Horror movies are this blogger’s great love, with special affection reserved for sci-fi monster movies of the 1950’s “atomic age,” in which some of our most benign harmless pests become impossibly huge, roaring monsters. (“The Beginning of the End” – about giant grasshoppers – and “Tarantula” are good places to start for those interested.) But atomic age monsters were a horror from another time when atomic energy was mysterious and scary – and its implications unfathomable. By the time we had a foot in the 60s, we were a little wiser and a lot less worried about giant mutant insects.
But, “not so fast,” says Japan, who’ve made an art of battling cockroaches. According to a piece published online as an entry in Vice media’s “Cool Japan” column, there’s one Japanese company, Earth Chemical, preparing for the worst: “a more speculative kind of cockroach,” writes columnist, Emiko Jozuka. “… A future when the bug will have terraformed into a giant mutant ninja roach capable of surviving Martian conditions.”
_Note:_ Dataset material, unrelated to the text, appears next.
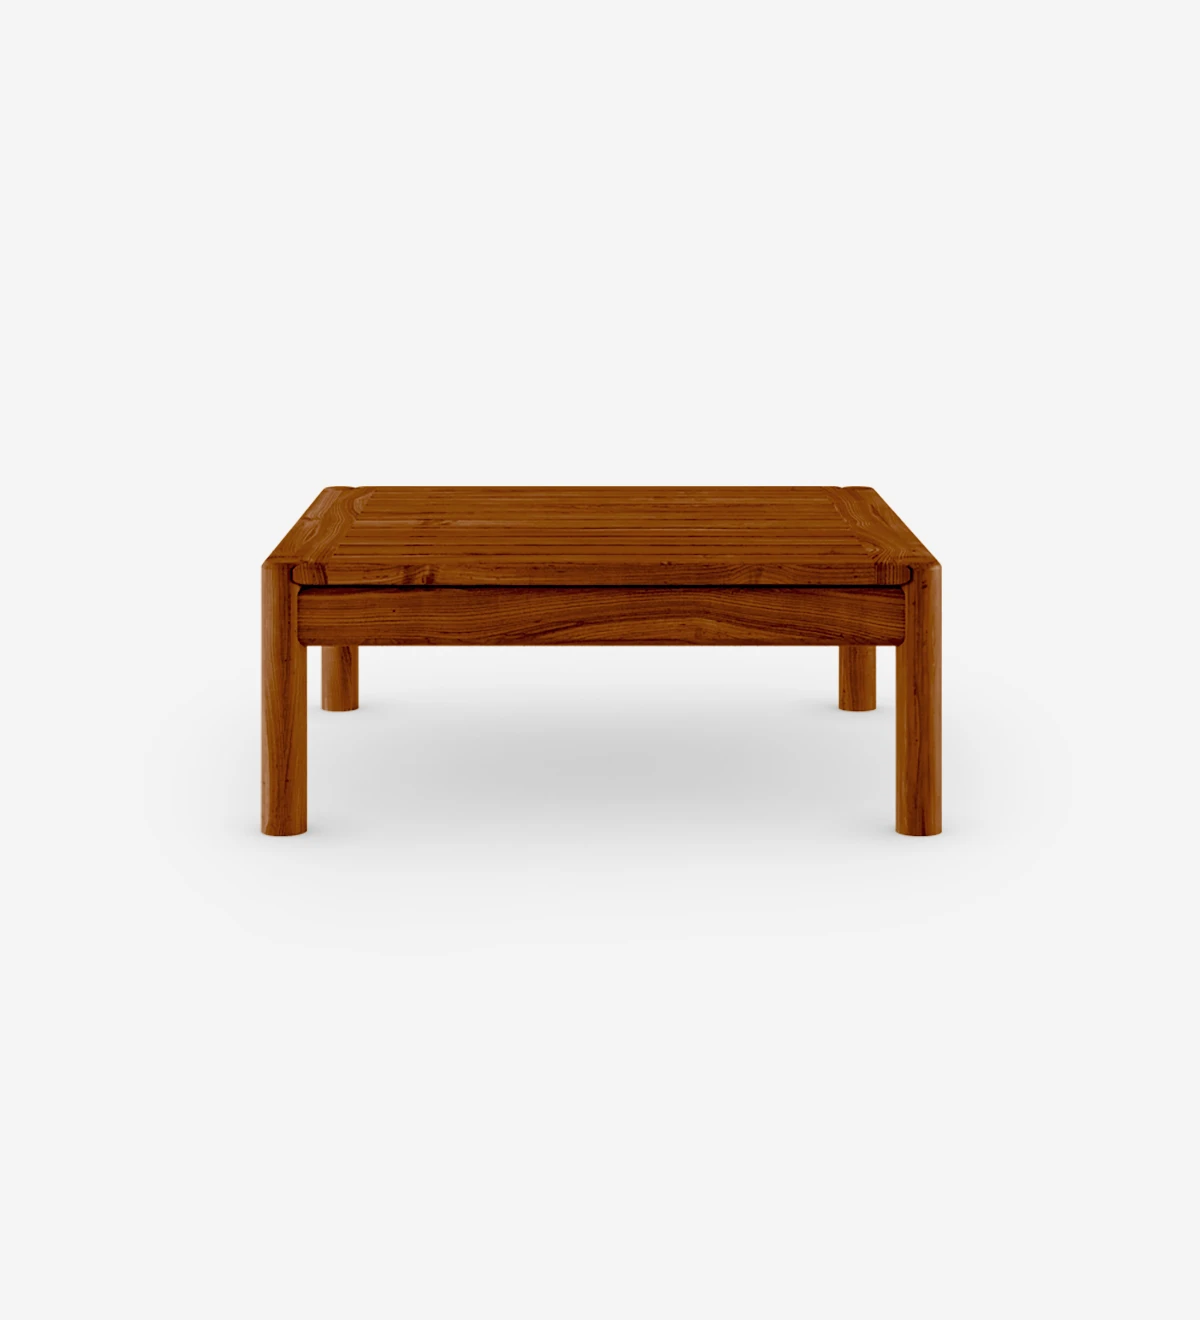 Table basse carrée en bois naturel couleur miel.

A tad tongue-in-cheek? Probably. A great marketing gimmick? Absolutely.
Earth Chemical is the creator of the “Gorkiburi Hoy-Hoy” – a roach trap disguised as a delightfully smelling food source, which looks a little like a sinister gingerbread house. To brace themselves for the ninja cockroach invasion that may or may not be coming, they’ve blown up their sticky roach trap to 925 times its original size and challenged three volunteers to do their best to make it from one end of the roach-lethal adhesive to the other. (None of them make it. – I mean they LIVE, but don’t make it across.) In the YouTube video that documents the “challenge,” the company declares the informal experiment a success, making clear that the planet will be well defended by Earth Chemical’s sticky traps, when the cockroach apocalypse finally arrives. We’re pretty sure they’re mostly having fun with marketing, as this development stems from the company’s informally dubbed Jouji Lab, from where some of the company’s more fanciful ideas are generated.